AAPS PharmSci

, Volume 4, Issue 4, pp 243–250 | Cite as

The prediction of plasma and brain levels of 2,3,5,6-tetramethylpyrazine following transdermal application

  • Xiaohong Qi
  • Chrisita Ackermann
  • Duxin Sun
  • Rong (Ron) Liu
  • Minli Sheng
  • Huimin Hou


The purpose of this study was to construct a pharmacokinetic (PK) model and to determine PK parameters of 2,3,5,6-tetramethylpyrazine (TMP) after application of TMP transdermal delivery system. Data were obtained in Sprague-Dawley (SD) rats following a single dose of TMP transdermal delivery system. Blood samples were obtained at 0, 0.25, 0.5, 1, 2, 4, 6, 16, and 24 hours after the transdermal application. In the brain level study, 18 SD rats were divided into 6 groups. Three SD rats before and after transdermal application were culled and sacrificed at each of the following time intervals: 2, 4, 6, 16, and 24 hours after the TMP-TTS application. TMP concentrations in plasma and brain tissues were determined using high performance liquid chromatography and data were fitted using a zero-order absorption and a firstorder-elimination 3-compartment PK model.

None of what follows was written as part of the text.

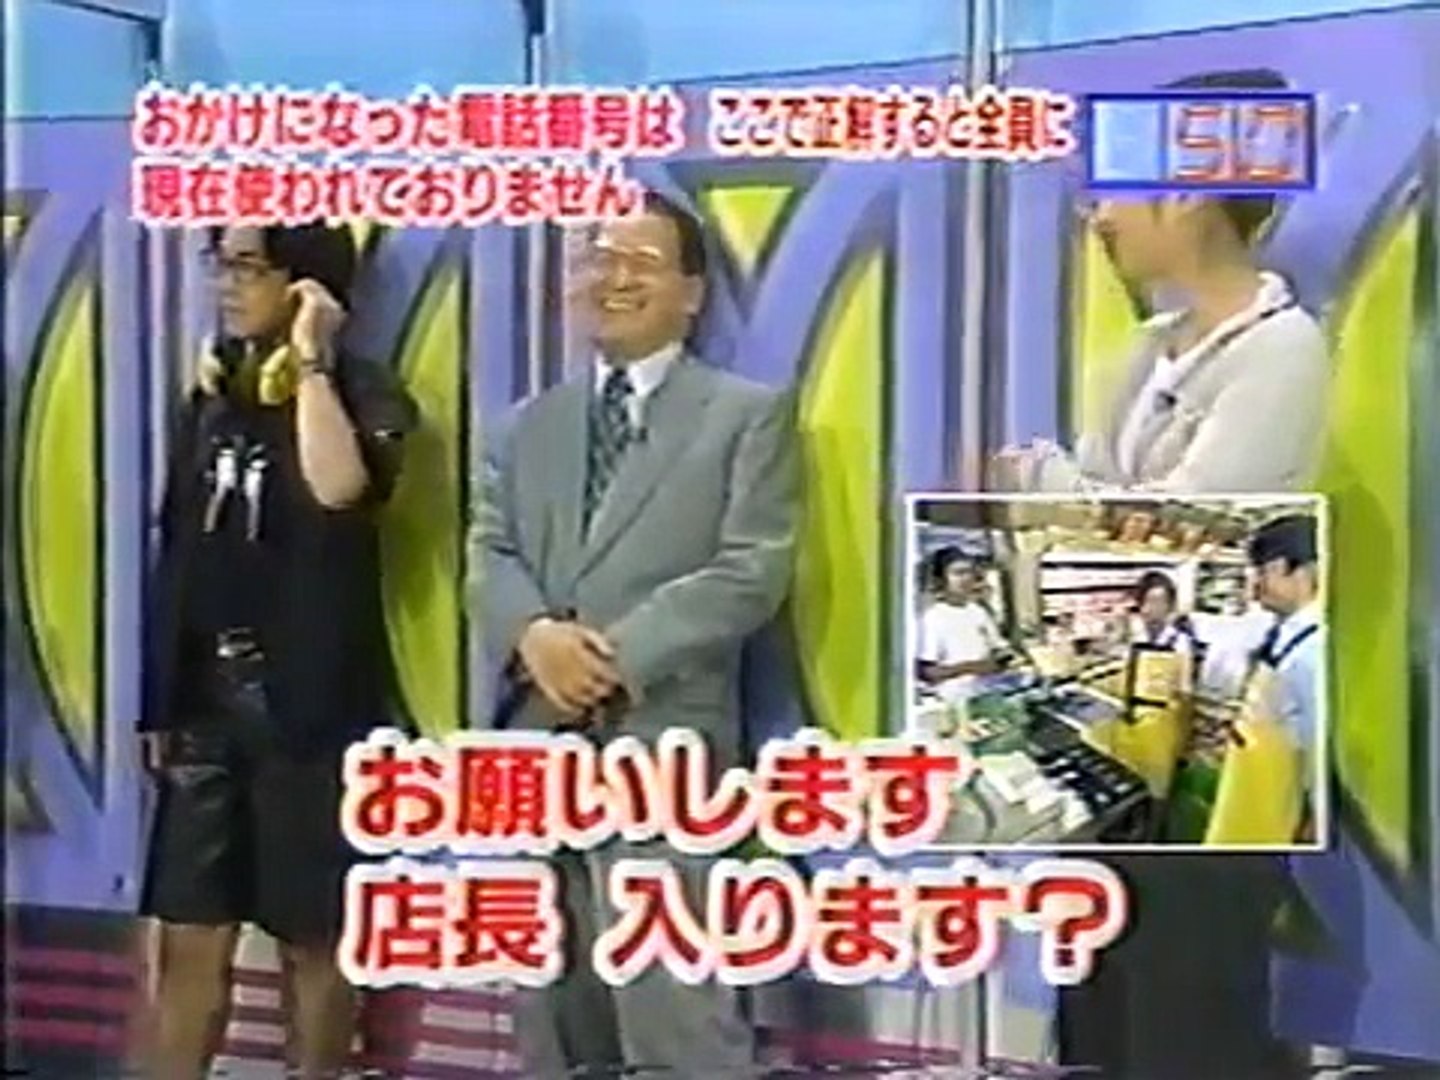 マジカル頭脳パワー 1996年9月5日放送 修正版 Video Dailymotion

Fitted parameters included 2 volumes of distribution (V1, V2) and 2 elimination rate constants (k10, k20). The elimination half-life for TMP in plasma and brain was 26.5 and 31.2 minutes, respectively. The proposed PK model fit observed concentrations of TMP very well. This model is useful for predicting drug concentrations in plasma and brain and for assisting in the development of transdermal systems.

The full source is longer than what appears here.